Dir 6er Serie gehört zum 100er Chipsatz

Die 7er Serie gehört zum 200er Chipsatz 

Diese beiden sind untereinander kompatibel! (Biosupdates vorausgesetzt

Die 8er Serie gehört zum 300er cjipsatz, hier sind weder die CPUs mit den vorherigen Boards kompatibel, noch können die neuen Boards die alten CPUs erkennen.

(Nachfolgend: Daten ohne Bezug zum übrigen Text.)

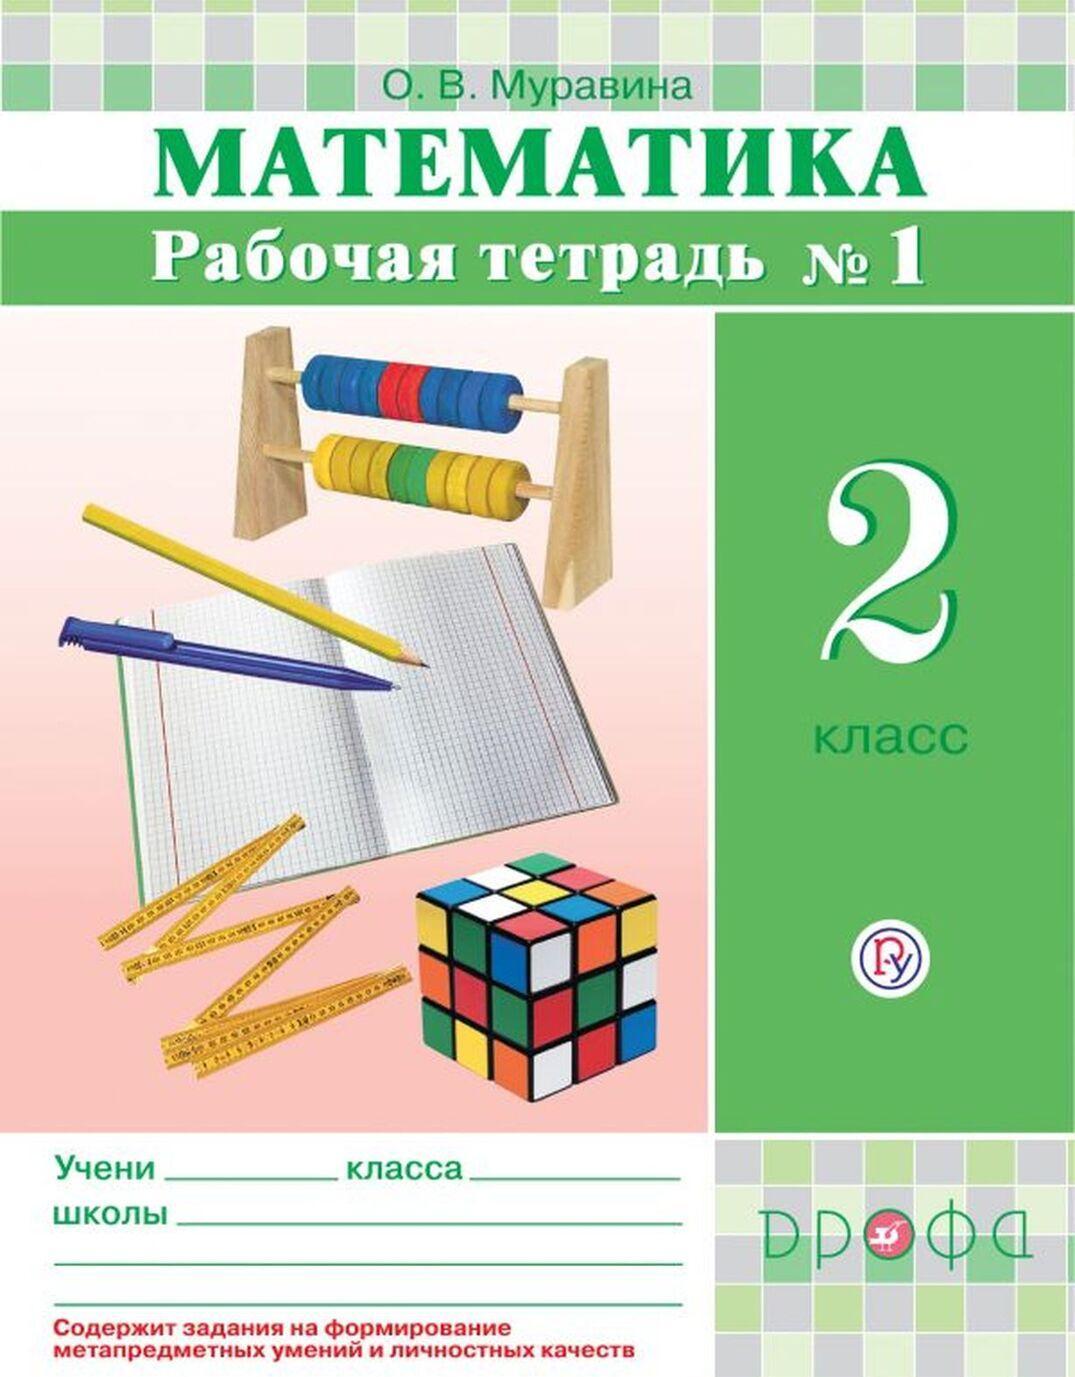 Matematika. 2 klass. Rabochaja tetrad № 1

Da blöde bei der ganzen sache: mechanisch passen die Komponenten


----------



## ratefux (5. Juni 2018)

Also für einen i7 8xxx würde man dann z.B. das Z370 nehmen, das kann den Prozessor und hat auch optischen Ausgang.
Ich schiele auf den neuen 8086k, der am Freitag angekündigt wird.


----------



## _Berge_ (5. Juni 2018)

Genau, nen z370 wäre richtig

Ein 8086 ist quasi ein hochgetaktet 8700k, meiner Meinung wird's auch nur auf einem.kern sein und daher lieber einen 8700k und selber Handanlegen, ist mittlerweile kein Hexenwerk wie ich finde


----------



## ratefux (5. Juni 2018)

Gut, danke. 
Oder ich warte noch auf ice Lake. Aber das kann ja auch noch eine Weile dauern.


----------



## _Berge_ (5. Juni 2018)

Wenn du die Leistung jetzt brauchst kaufe auch jetzt - warten kann man immer

Wie sieht deine aktuelle Hardware aus?


----------



## ratefux (5. Juni 2018)

Asus Z97, 4790k, 16GB DDR3-Ram.
Wäre einfach mal wieder ein Upgrade des Upgrades wegen.


----------



## _Berge_ (5. Juni 2018)

Wenns aus reiner Bastellaune ist würde ich auf einen 8700k gehen, damit es sich auch lohnt auch gleich 32GB RAM 

Wenn du aber deinen "Basteldrang" in zaum halten kannst  dann warte auf die 8Kerner von Intel und entscheide dann, evtl könnte je nach Anwendung auch ein Achtender von AMD was für dich sein? (Rendern, Streamen etc.)


----------



## NovaOver (16. Juni 2018)

Gilt das gleiche auch für b360m mit i7 7700k ich hab mich zu spät informiert und schon bestellt ,


----------



## _Berge_ (16. Juni 2018)

JA!

ALLE CoffeeLake Boards sind Inkompatibel mit SkyLake und KabyLake


----------